— What the exercise asks —
Look through the listing below for the line containing "Möbelfolie für IKEA". Copy it and each line after it up to and including the line containing "Cinque donne anziane", exactly, leaving out pictures.

— Input material —
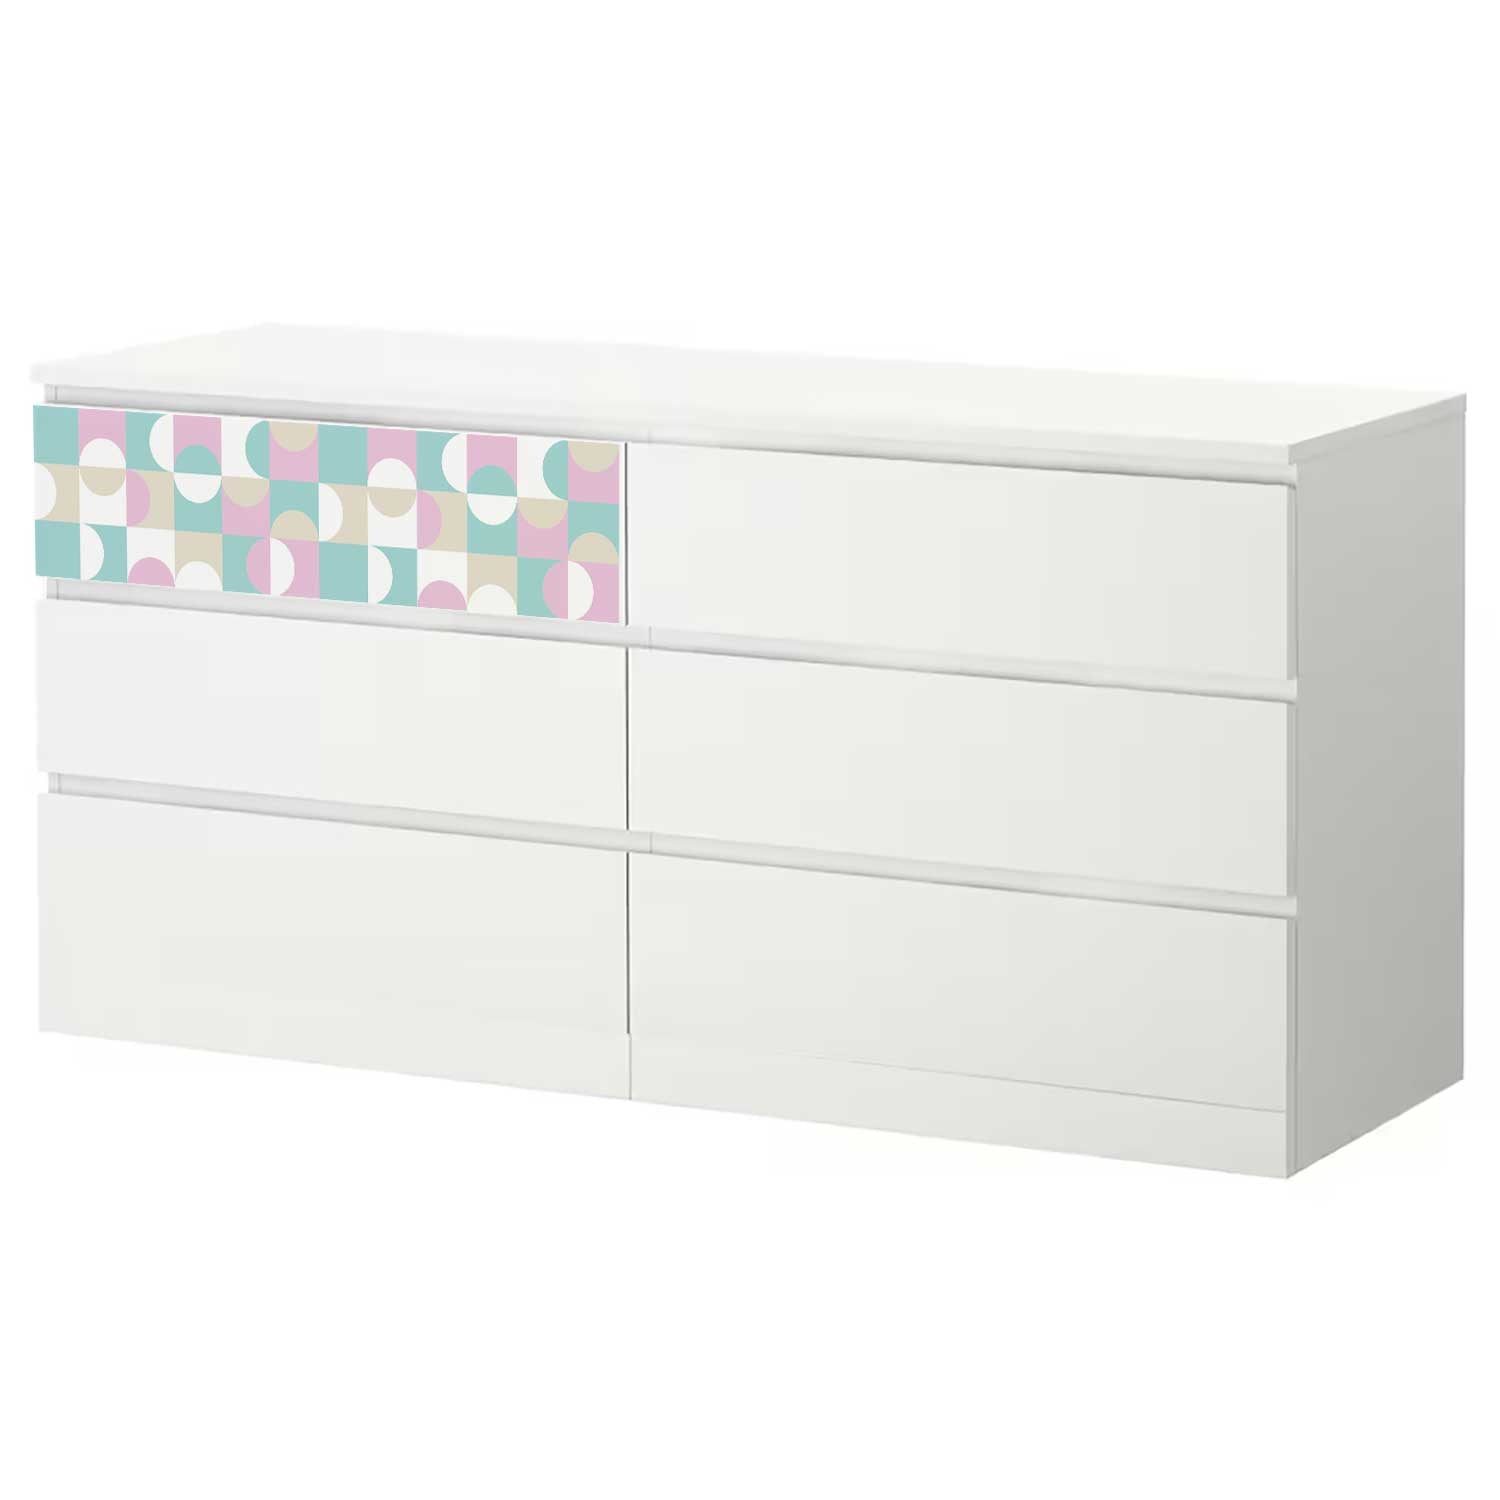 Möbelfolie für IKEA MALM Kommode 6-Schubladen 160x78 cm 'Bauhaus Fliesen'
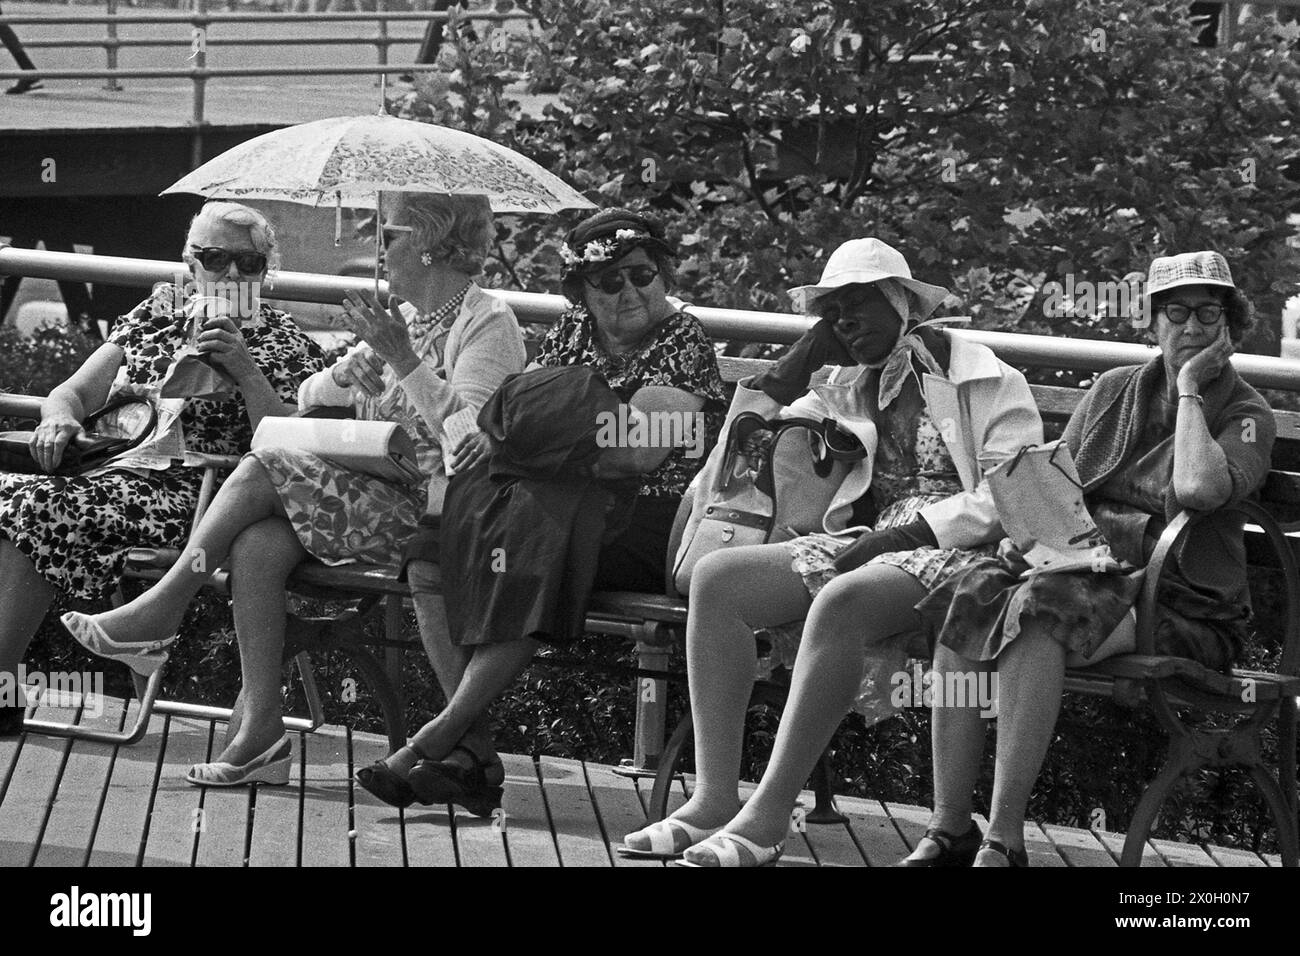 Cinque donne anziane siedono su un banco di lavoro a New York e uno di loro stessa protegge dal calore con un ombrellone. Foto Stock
==
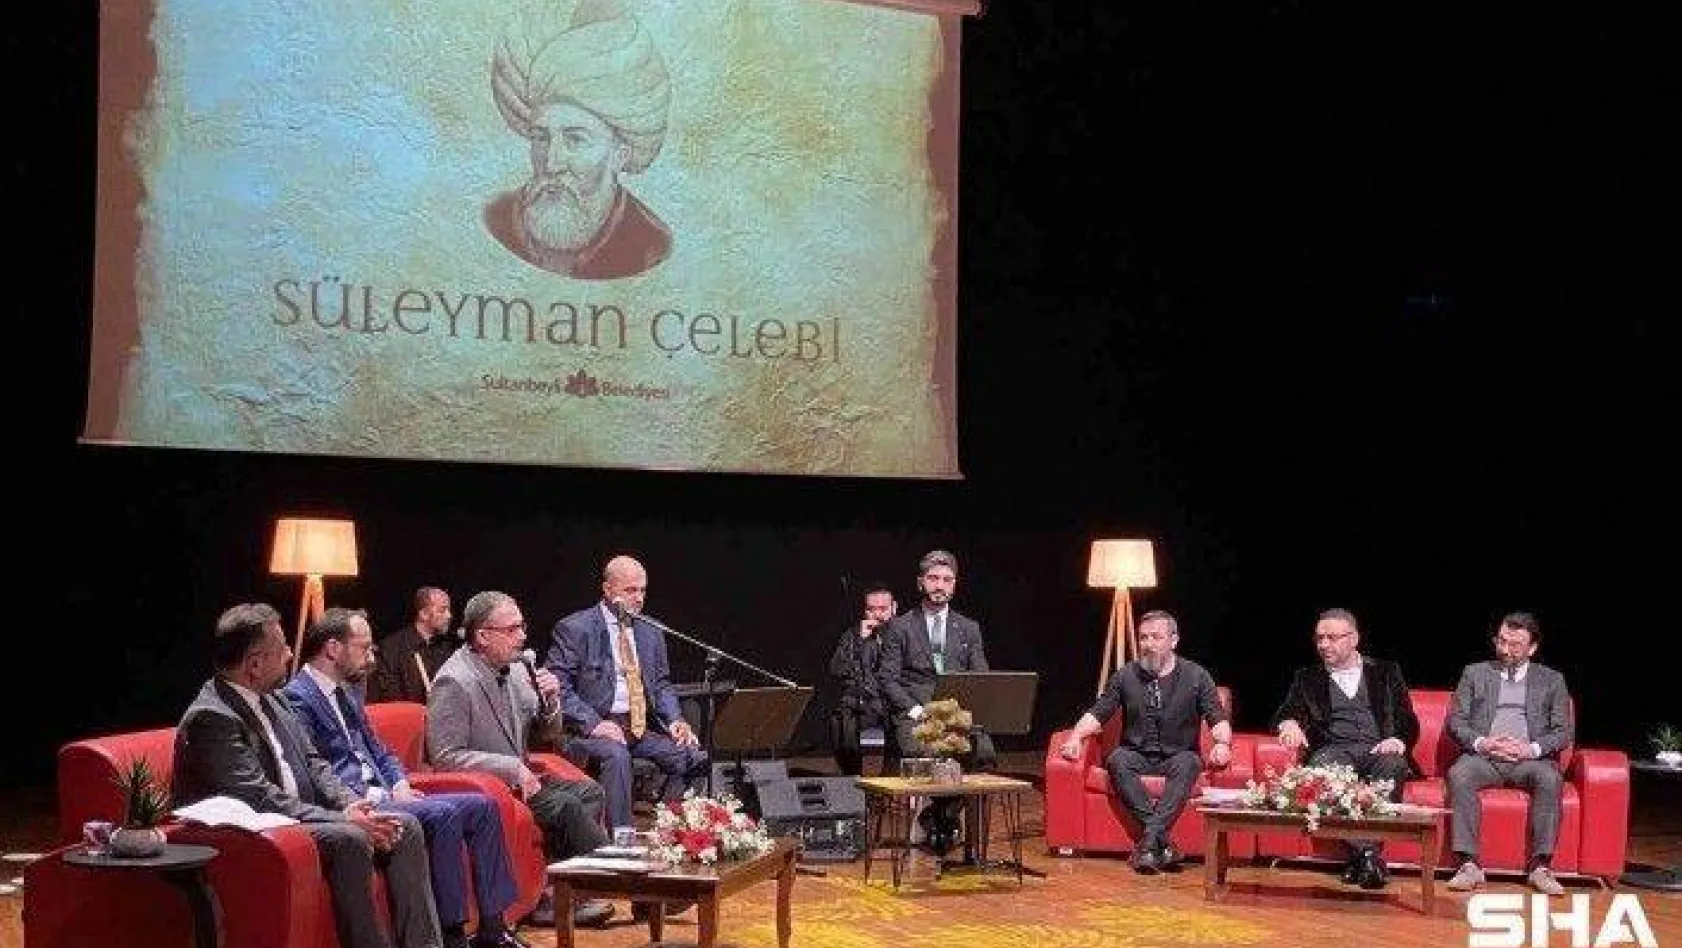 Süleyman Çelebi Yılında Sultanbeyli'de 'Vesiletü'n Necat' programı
==
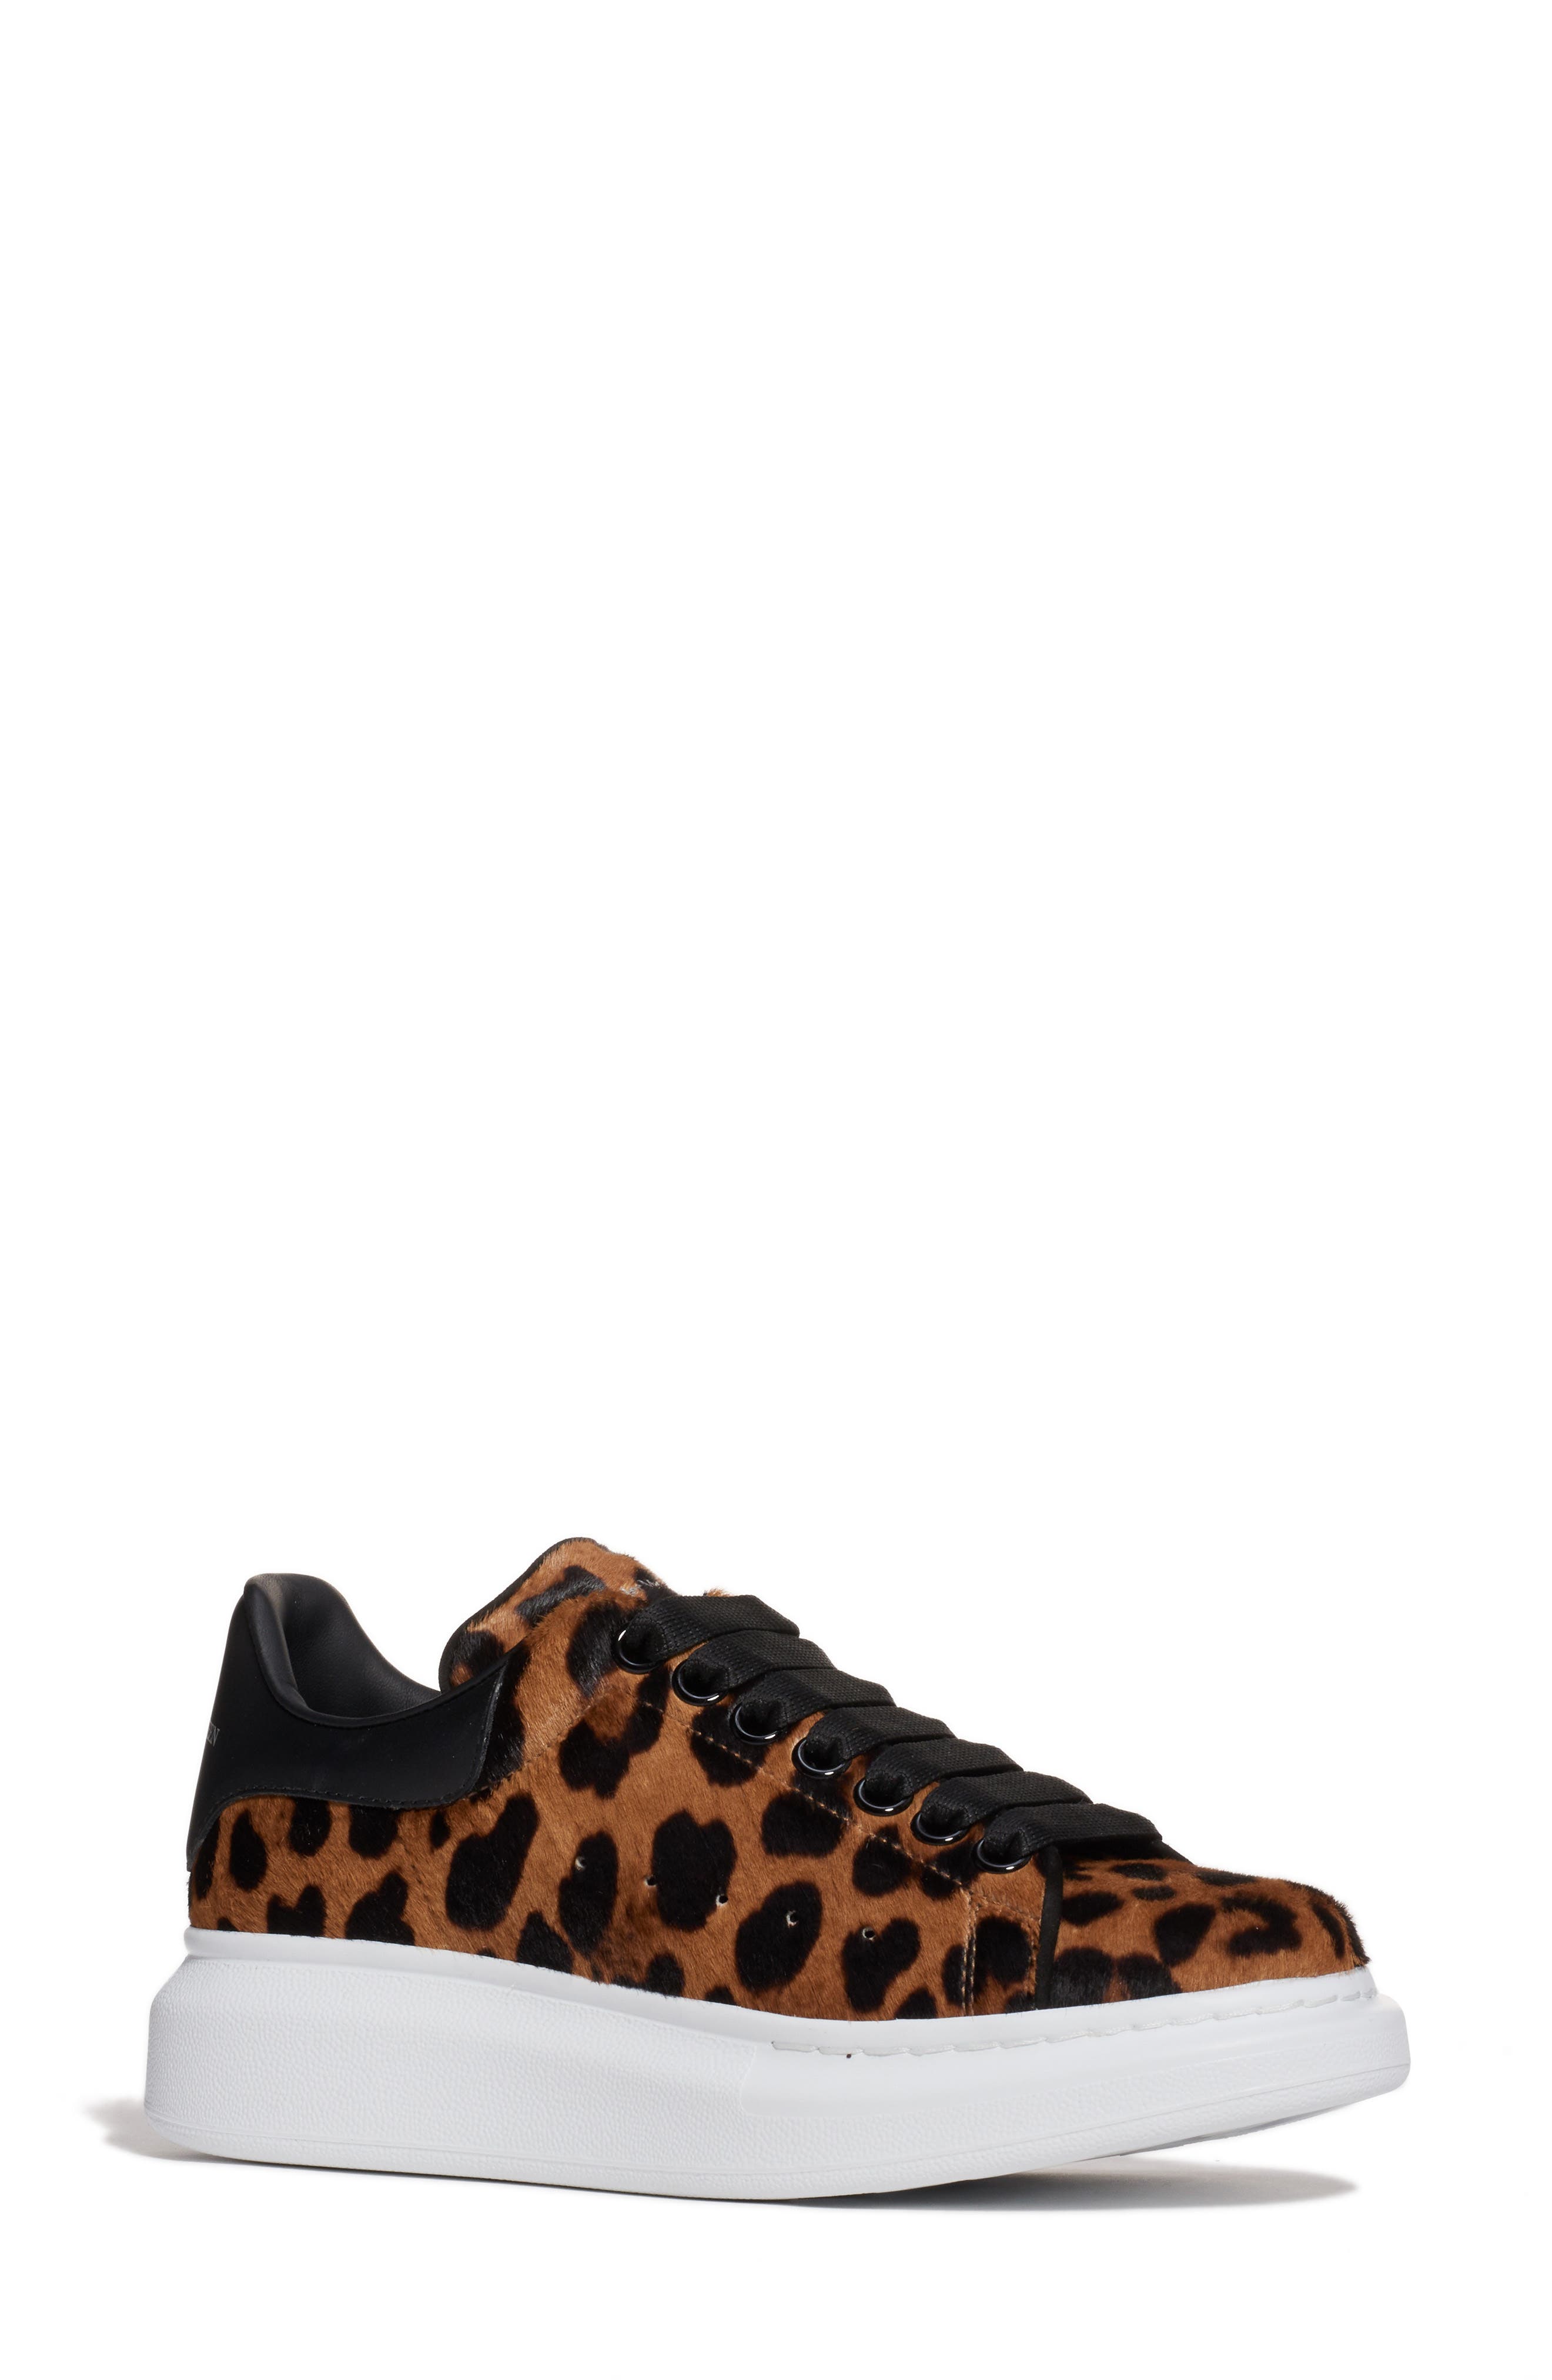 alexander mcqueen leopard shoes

— Completed exercise —
 Möbelfolie für IKEA MALM Kommode 6-Schubladen 160x78 cm 'Bauhaus Fliesen'
 Cinque donne anziane siedono su un banco di lavoro a New York e uno di loro stessa protegge dal calore con un ombrellone. Foto Stock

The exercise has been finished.